Contact Us
News

Brokerage IPOs: A Shot In The Arm or 'Another Master To Answer To'?

Amid chatter that Cushman & Wakefield may be eyeing a post-merger IPO, the question arises: why go public now, as brokerage stocks haven’t exactly had a Q1 to write home about?

Placeholder

Bill Boyd (pictured), senior managing director at LA-based brokerage Charles Dunn Co, has been in the business since 1981. He remembers the process of CBRE (then just called CB) being taken public in the late ‘80s.

“I saw the changeover,” he says. “When a brokerage firm goes public and now has a shareholder interest to report to and be responsible to, it takes the agents away from being client-centric. It’s another master to answer to.”  

The best thing for a relationship with a client, Bill says, is sometimes to advise against doing a deal at a particular time, and working with a client over a longer-term period to meet their space needs—hardly what shareholders typically want to hear.
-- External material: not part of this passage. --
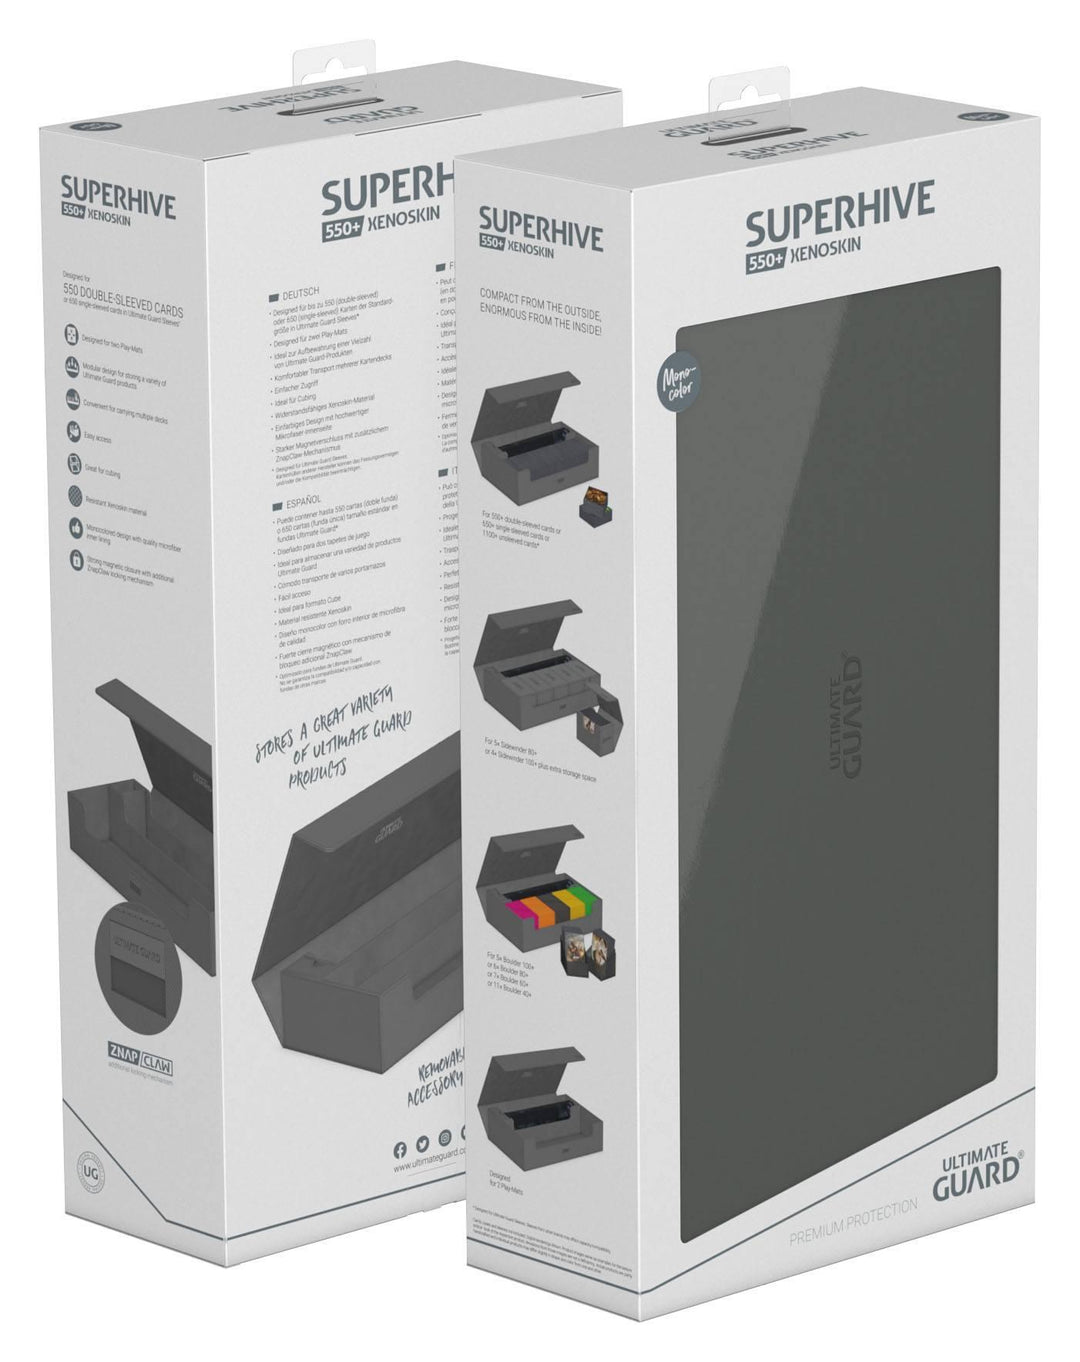 Ultimate Guard Superhive 550+ XenoSkin Monocolor Grey / Grau
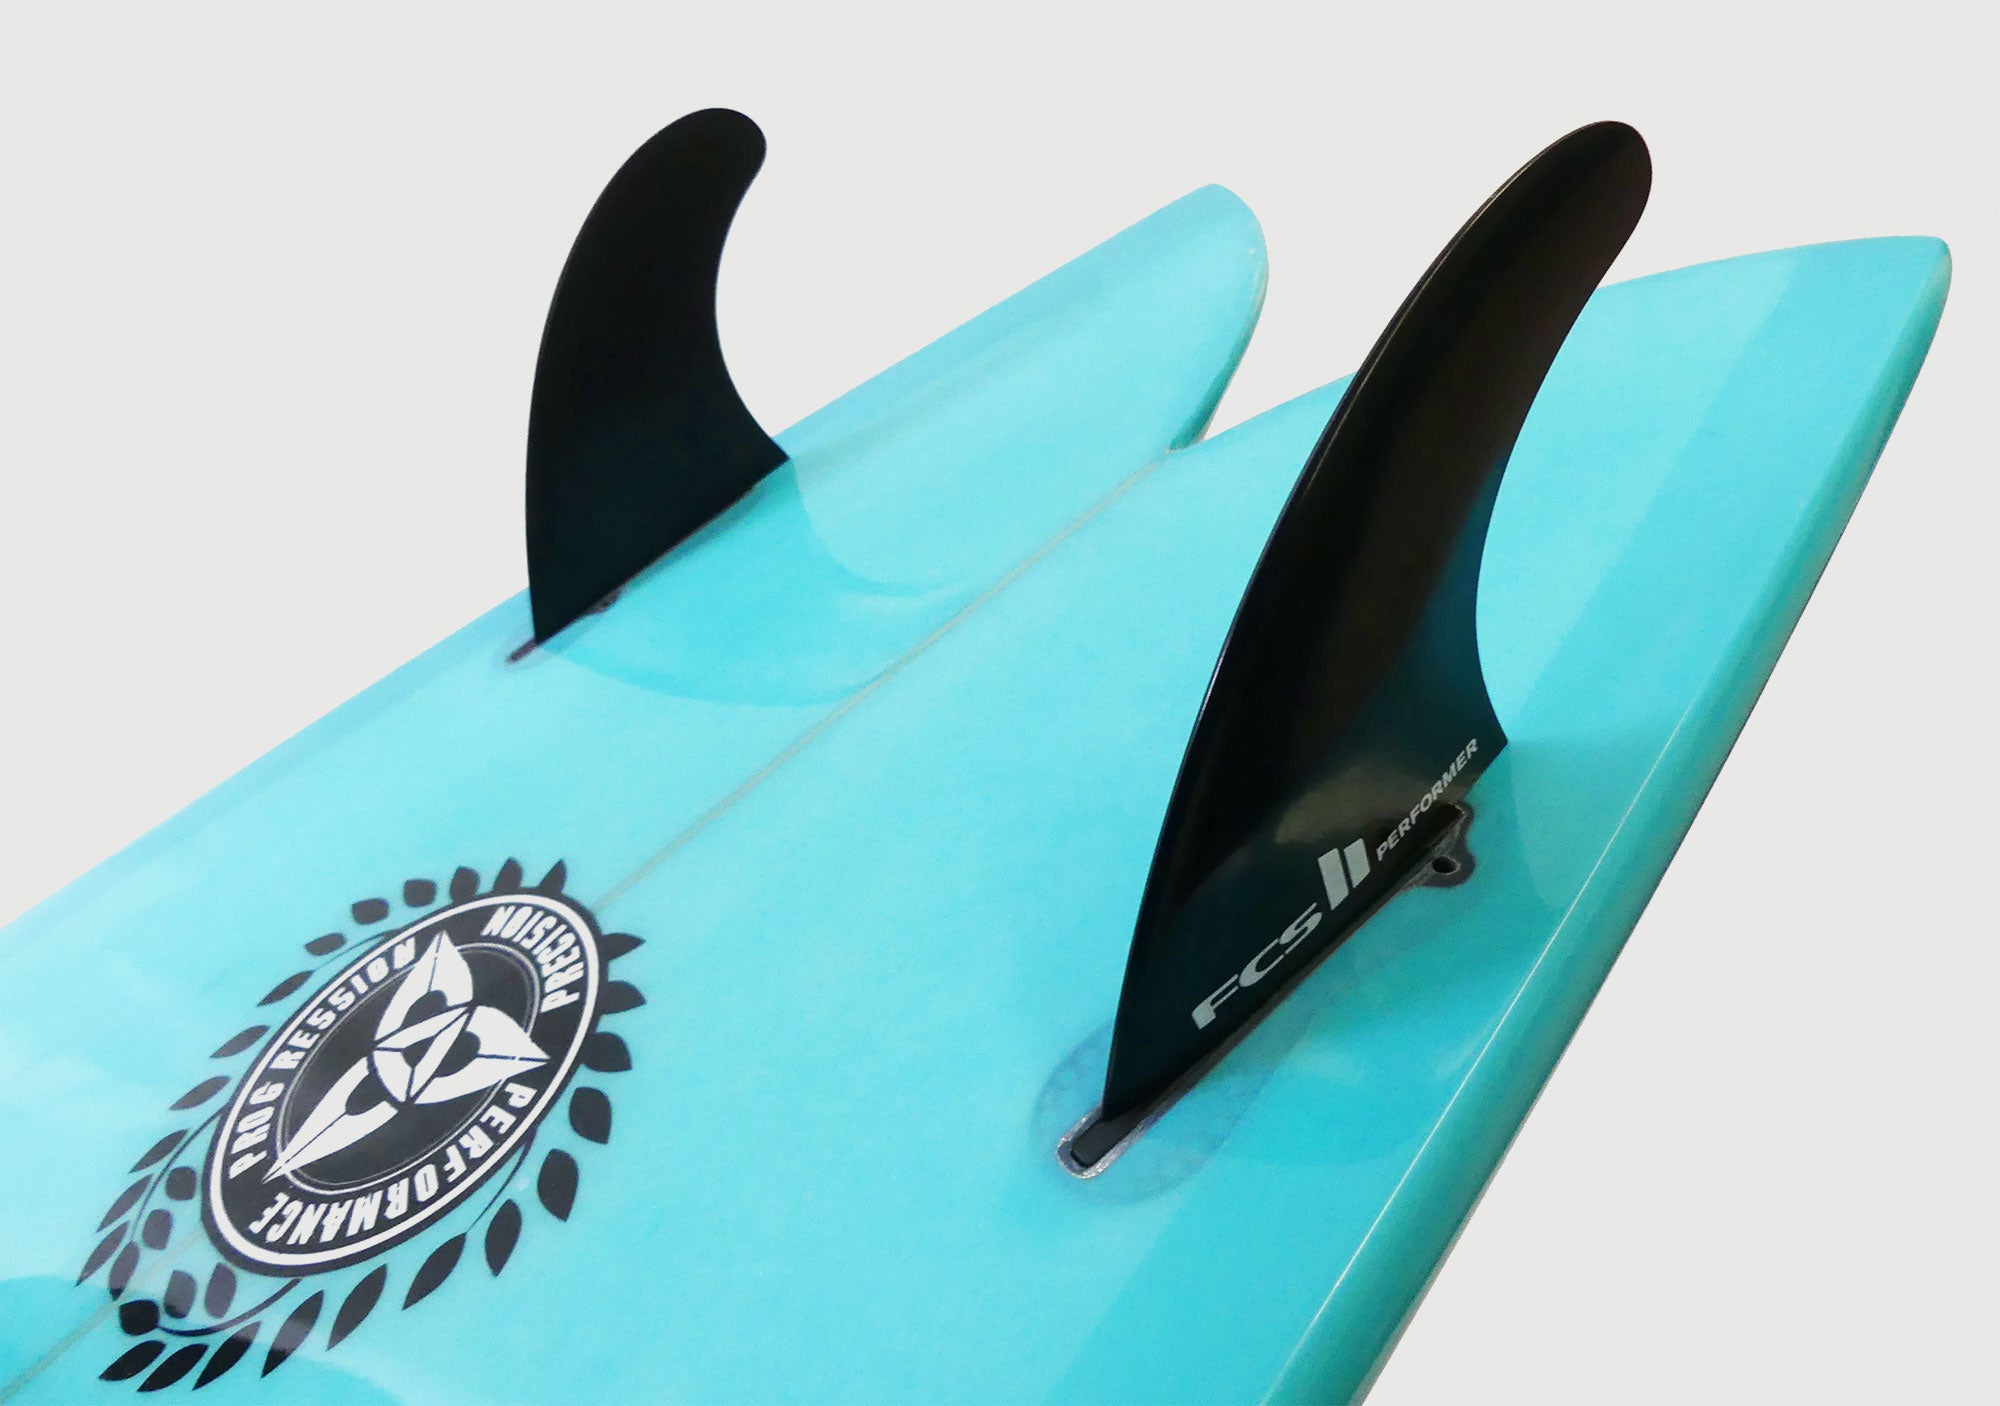 O'SHEA THRUSTER SURFBOARDS – O'SHEA ONLINE STORE

But what some call a burden, others call an opportunity. Marcus & Millichap SVP Adam Christofferson says the added discipline of being a public company has helped his agents and the firm hit growth goals. But the firm, which went public in 2013, only handles sales transactions and doesn’t do leasing, and Adam notes that the shorter time horizon to get leasing deals done might cast that outside shareholder pressure in a different light.

He says the company, which expanded into Canada last year, went public mainly to access capital to help it open new offices and expand into more markets.

Another firm that’s rapidly growing—but doing it as a private company—is Avison Young. The firm’s CEO, Mark Rose, tells us that he and his firm’s leadership interviewed hundreds of clients in ’07 and ’08 as part of working out which direction the firm would take. He says those clients told him directly that they were uneasy with a brokerage motivated by EPS and having to report earnings every 90 days. 

“They told us, again and again," he says, "‘we need you to think more about us, the client and less about the shareholders.’”

Placeholder

So why go public? Mark (shown with his daughter, Marissa, an associate at Avison Young), says the share price premium the ownership can get in an IPO is a bigger reason for launching an IPO than some may admit.

“If you look at the brokerages that are now public, they all did it more for takeouts of existing shareholders than for any other reasons,” he says. “The owners were able to cash out.”

Does he feel that temptation? “Not one bit,” he tells us. “We structured this company to be private forever.”

Greif & Co CEO Lloyd Greif, whose investment banking firm specializes in working with midsized companies as they scale, says there may be more to it than ownership cashing out. He notes that you can’t underestimate the power of the ego.

Being able to say “we’re traded on the NYSE” does roll off the tongue. And an IPO can be a way to maintain some control over the direction of a company without holding onto quite as significant a stake.

And when firms are bought by other firms, who’s usually doing the buying? As Lloyd reminds us, the liquidity and access to capital to be able to buy a smaller firm or pull off a merger is another reason to pull the trigger on an IPO.

But does the recent wave of brokerage M&A have any gas left in the tank? As Adam puts it, “the big dominoes have probably already fallen,” but we may still see smaller M&A deals trickle in.

Will that mean more IPOs? Not if Avison Young’s experience can be taken as an example. The firm has managed to acquire more than 30 companies as a private firm in the last seven years.

Mark says the question of whether to go public was recently brought before the company’s 300 principals for a vote. Nearly 100% voted not to take the firm public, Mark says.

“But hey," Mark says, "if those 300 people happen to change their minds, then anything can happen.”